2 · Architecture at a glance¶
flowchart LR
A([task]) --> R[RETRIEVE
vector search top-k]
R --> G[GRADE
per-doc categorical relevance]
G --> RT[ROUTE
Python composes from counts]
RT -->|use_retrieved| ANS[ANSWER]
RT -->|use_web| W[WEB SEARCH] --> ANS
RT -->|use_mixed| W
ANS --> Z([final])
style G fill:#fff3e0,stroke:#f57c00
style RT fill:#fce4ec,stroke:#c2185b
style W fill:#e3f2fd,stroke:#1976d2
style ANS fill:#e8f5e9,stroke:#388e3c
3 · Theory¶
3.0 · Why categorical relevance, not a score¶
_DocGrade.relevance: Literal['relevant', 'ambiguous', 'irrelevant'] — three discrete labels.

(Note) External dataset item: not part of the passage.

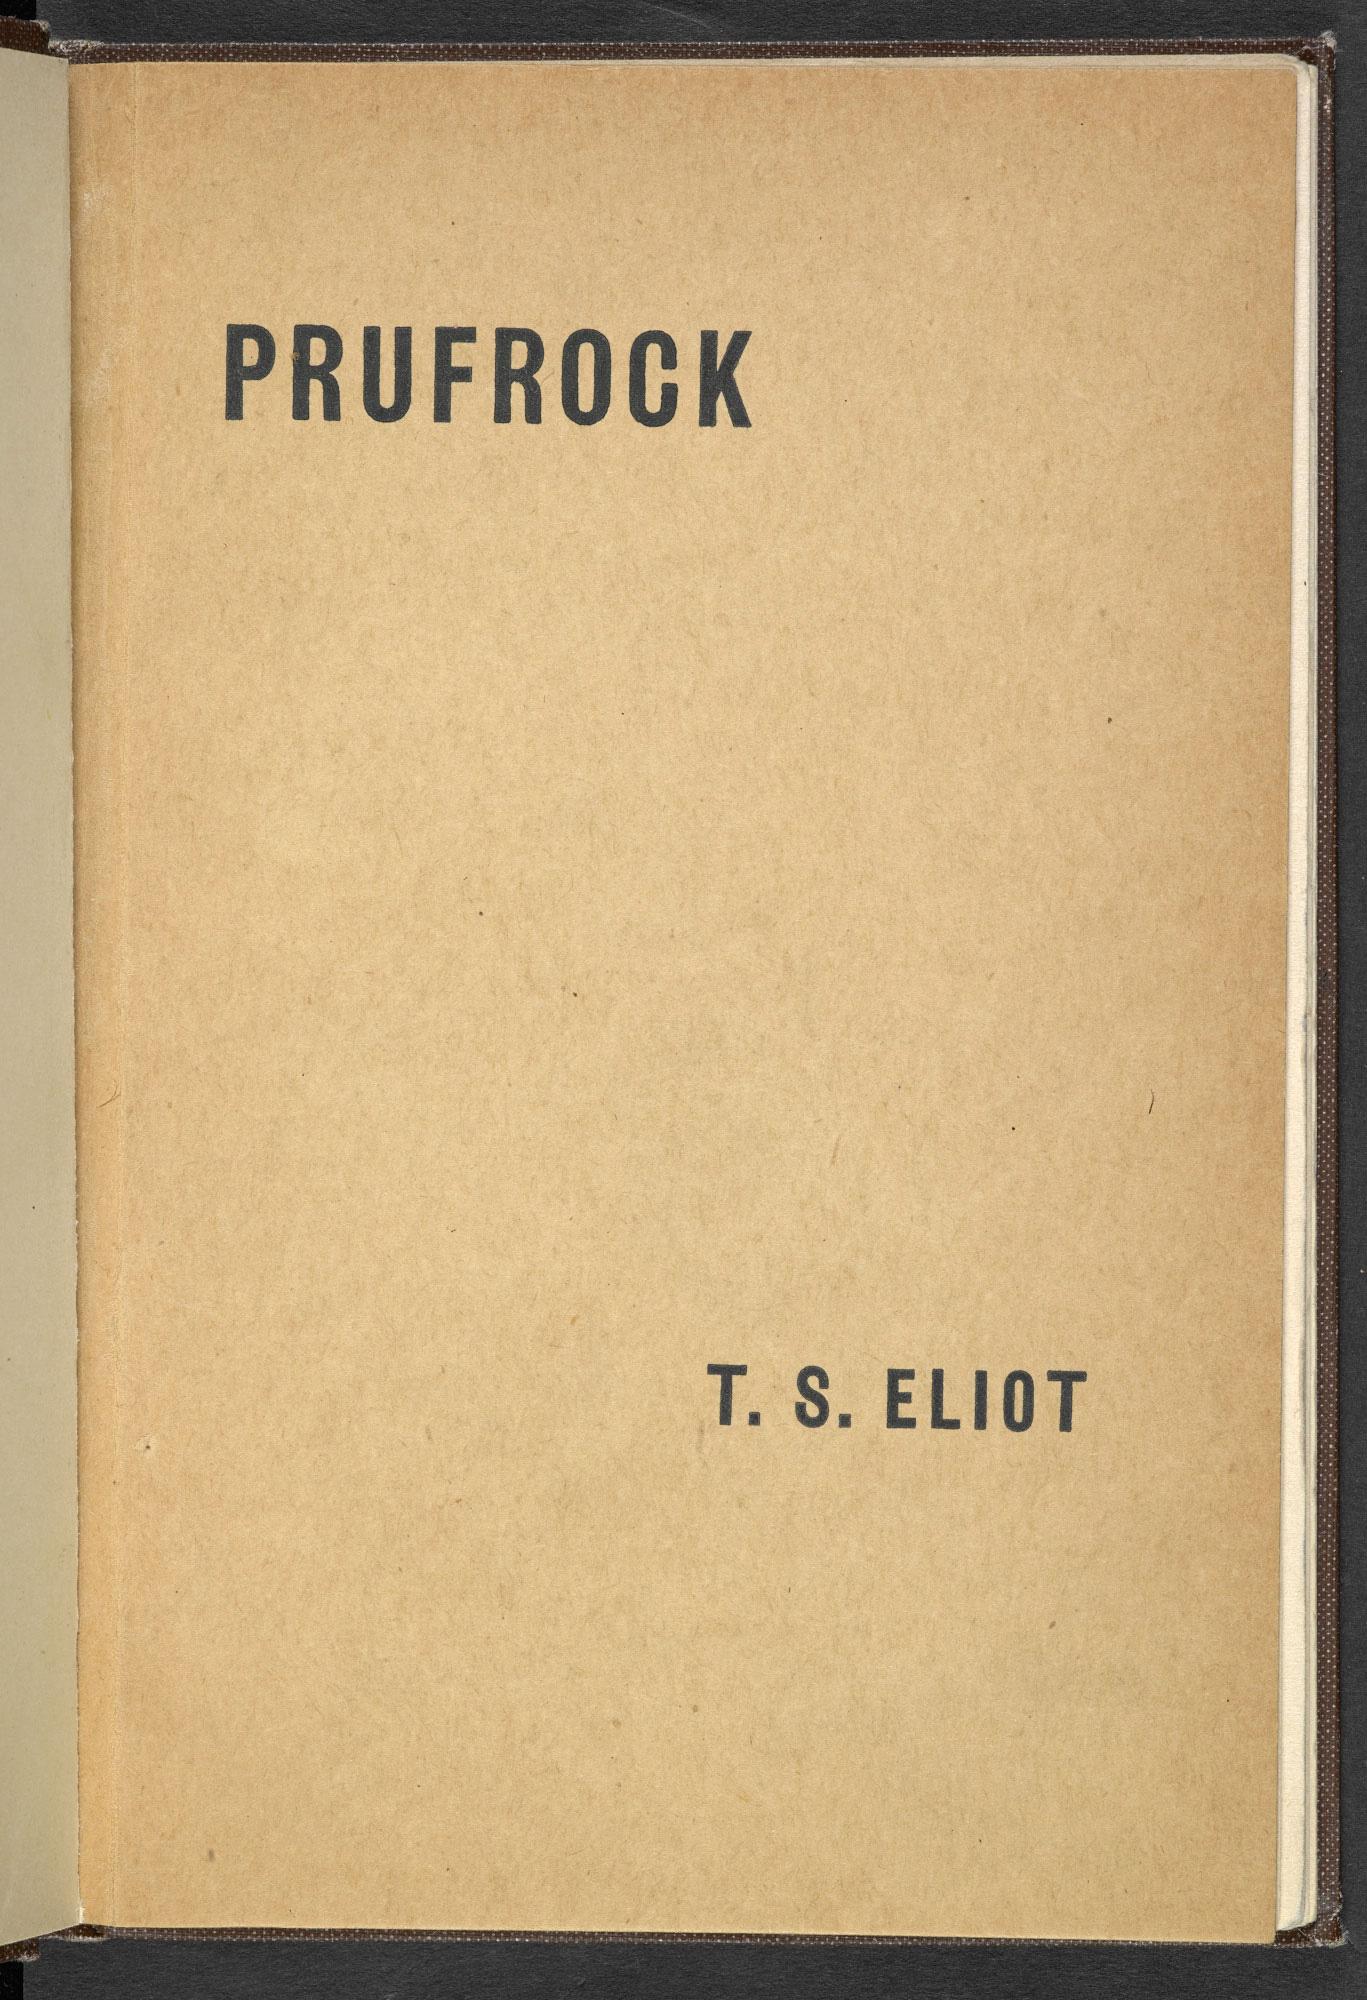 eliot prufrock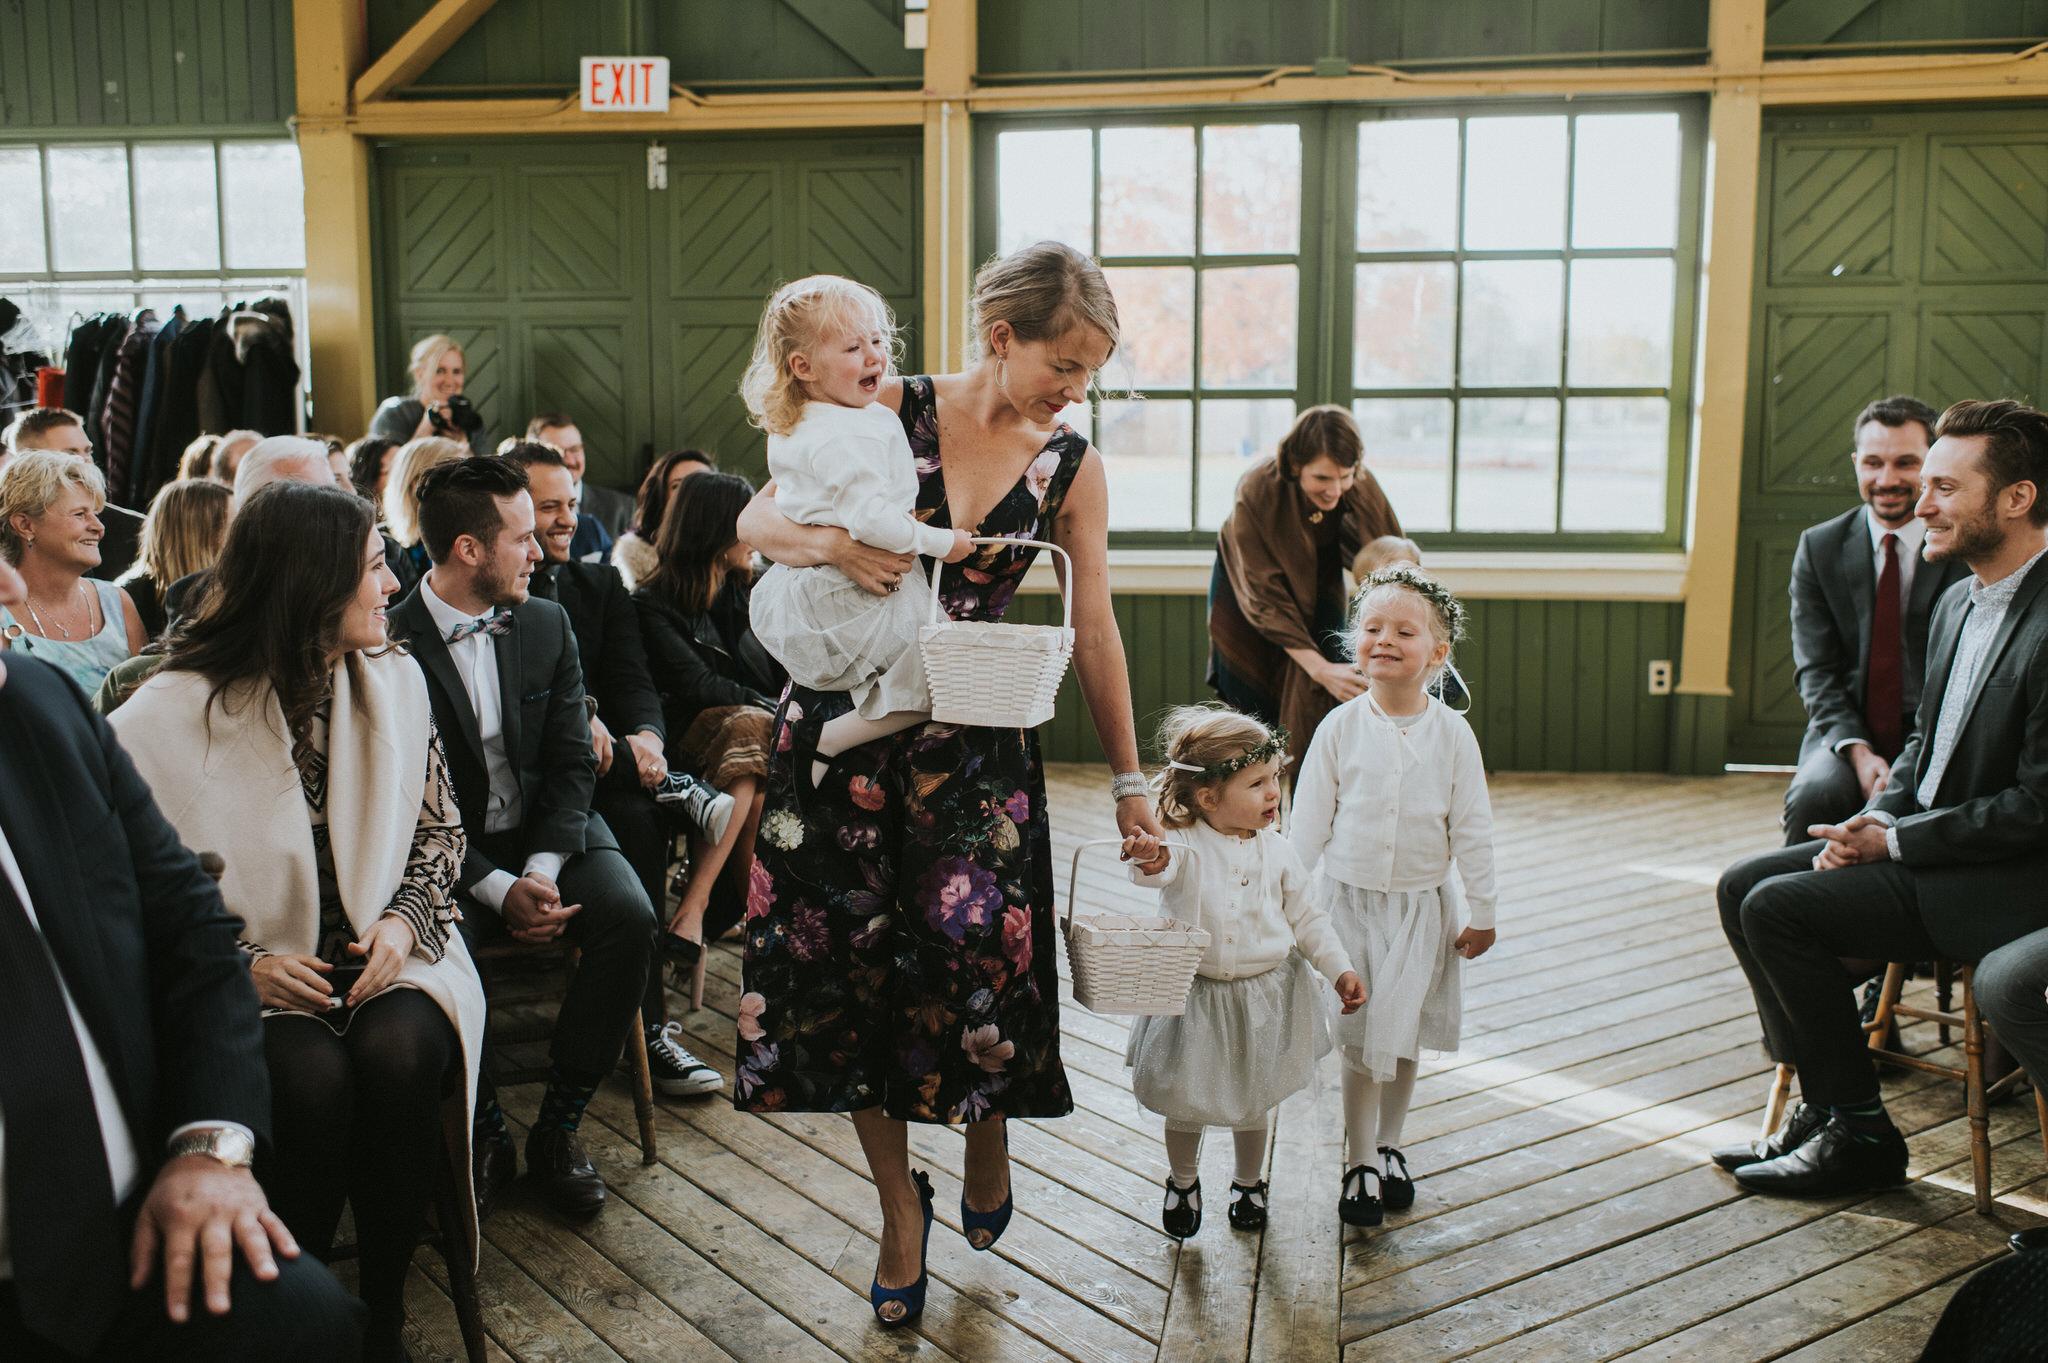 scarletoneillphotography_weddingphotography_prince edward county weddings109.JPG

The grader can't slide-into-a-flat-band because there is no number to slide. Python tallies the labels and the route is deterministic:
rel_frac = n_relevant / n
if rel_frac >= threshold: → use_retrieved
elif n_irrelevant == n: → use_web
else: → use_mixed
3.1 · When CRAG beats plain RAG¶
- In-corpus query with high-relevance retrievals → CRAG behaves identically to plain RAG. The grade-call cost is the only overhead.
- Out-of-corpus query → plain RAG hallucinates from irrelevant docs; CRAG detects the irrelevance and pivots to web.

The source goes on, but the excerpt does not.